Lecturer in Social Anthropology, University College London
Director of Cultures of Sustainability, UCL Environment Institute
Co-director of the Extreme Citizen Science Research Group, UCL
See Jerome’s webpages:
My research background includes (1) hunter-gatherer and former hunter-gatherer societies, (2) egalitarian politics, (3) play, ritual, and religion, (4) language and communication, (5) indigenous rights, mapping, and representation, and (6) extreme citizen science and new participatory research methodologies.
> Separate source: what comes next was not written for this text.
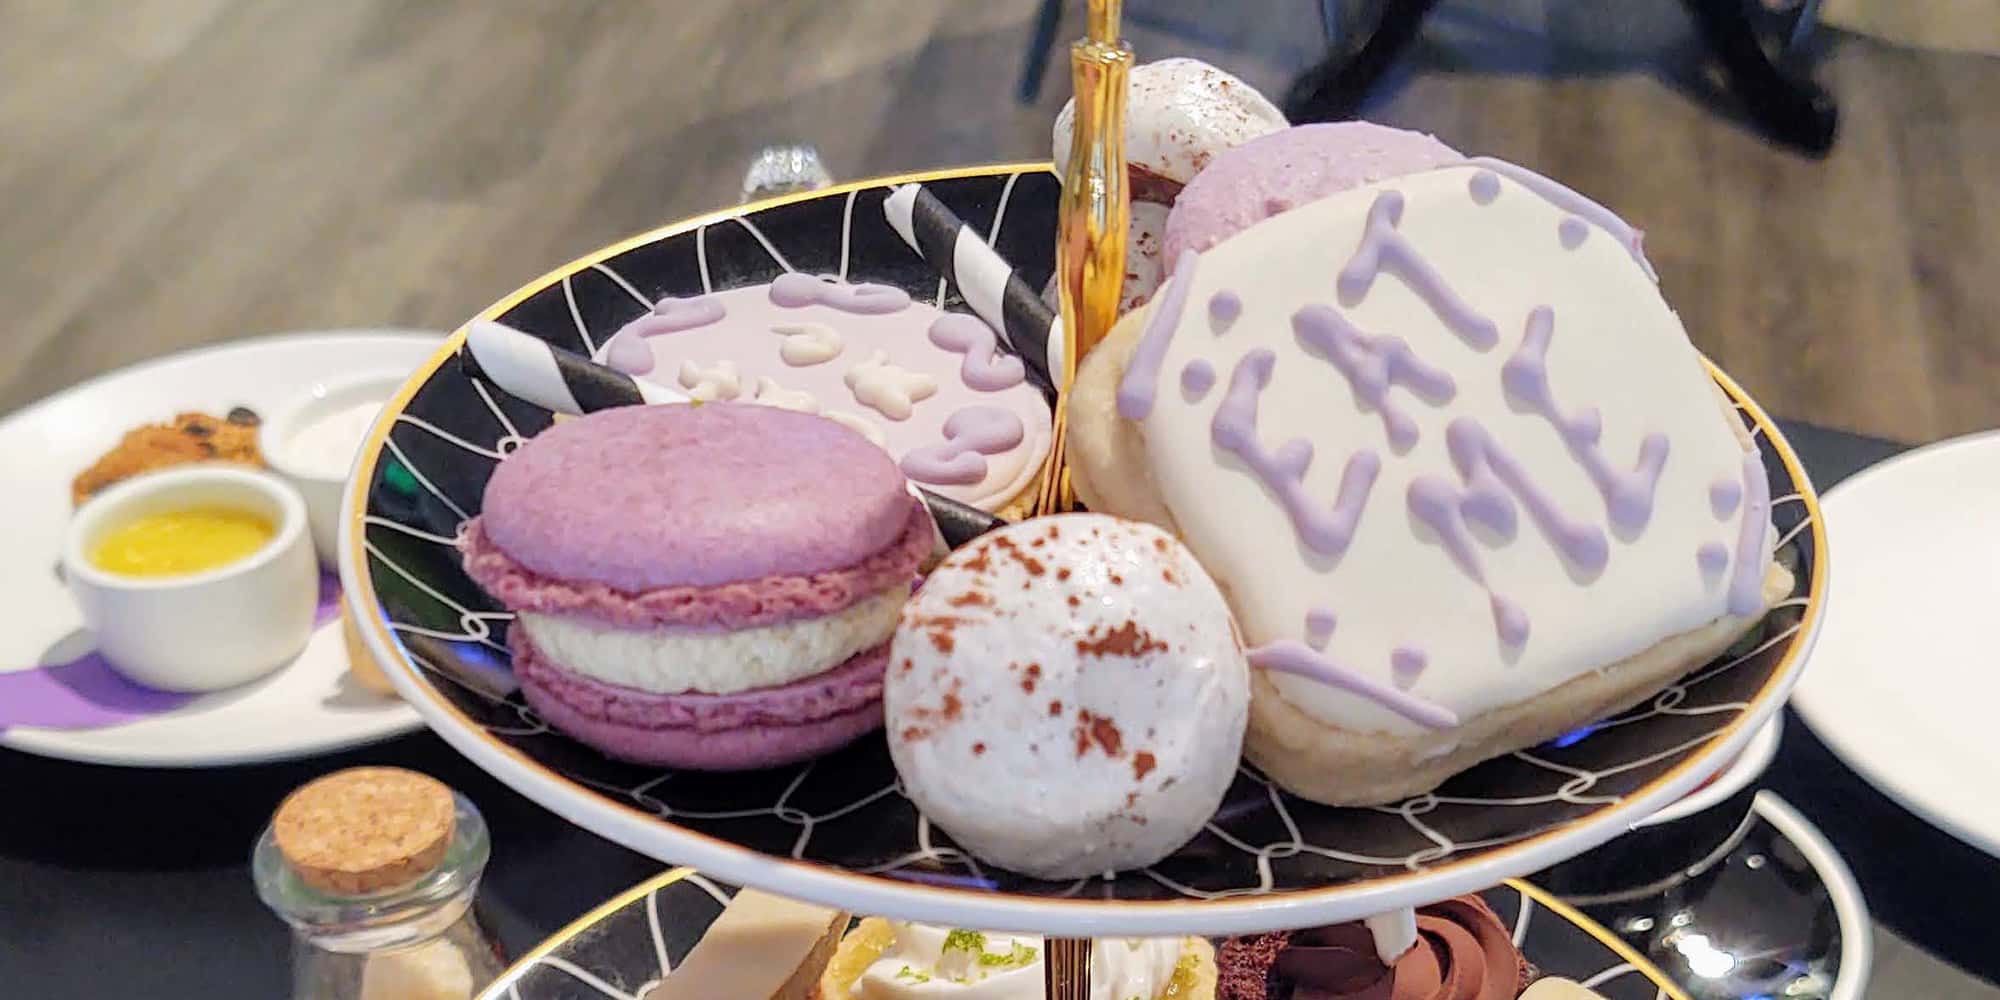 Drink Me! Tea Room Opens in Tempe, AZ Bringing a Modern Twist to the Afternoon Tea Concept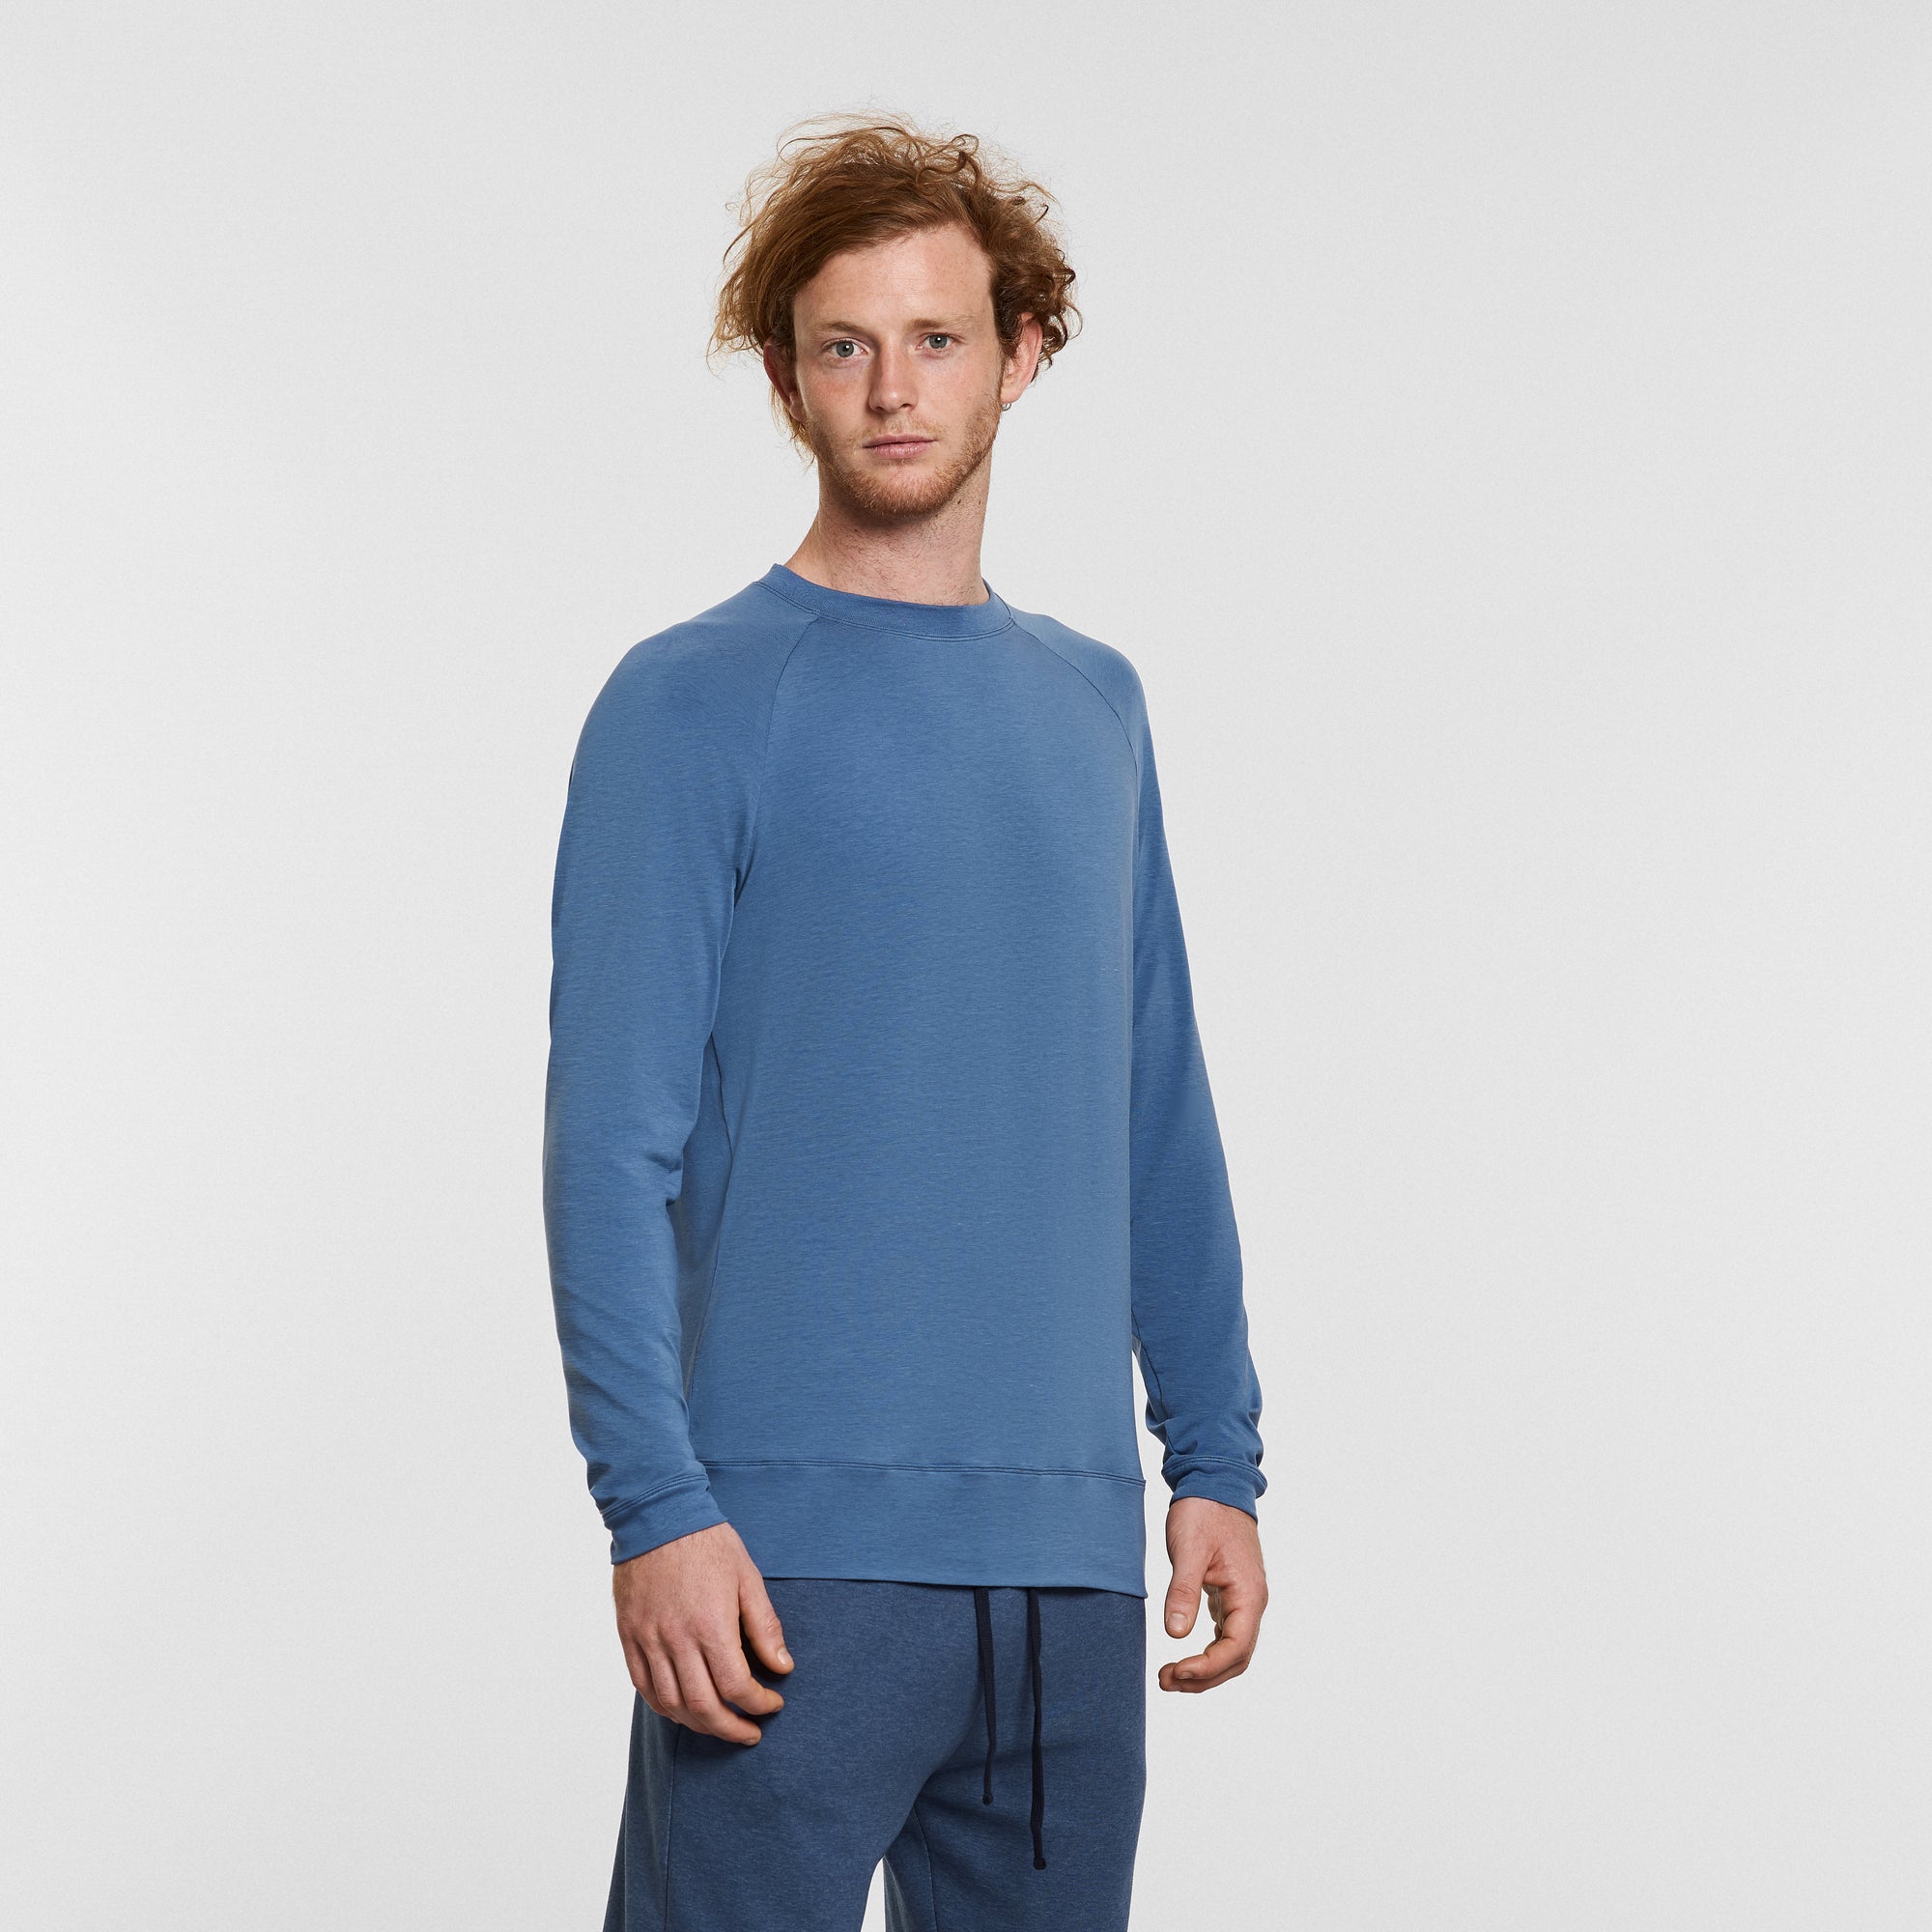 man wearing blue long sleeved yoga top by warrior addict

I began working with Pygmy hunter-gatherers and former hunter-gatherers in Rwanda in 1993, leading to investigation of the impacts of the genocide for Rwanda’s Twa Pygmies. Since 1994 my work has focused on the culture and society of Central African hunter-gatherers, particularly environmental relations, cultural transmission, inter-ethnic relations, and the impact of global forces (such as conservation, logging, mining, and national or international policy changes) on many hunter-gatherer and former hunter-gatherer groups across the Congo Basin. This has led to research into human rights abuses, discrimination, and economic and legal marginalisation, as well as applied studies reinforcing conservation efforts by forest people, investigating how to apply the principle of free, prior, and informed consent in Central Africa, and supporting forest people to better represent themselves to outsiders. This work has included adapting new technologies for use by non-literate hunter-gatherers, evolving into a major project developing methods to support any community to explore issues of concern through scientifically valid research. Project themes to date have focused on environmental justice issues but will expand to health issues and climate monitoring.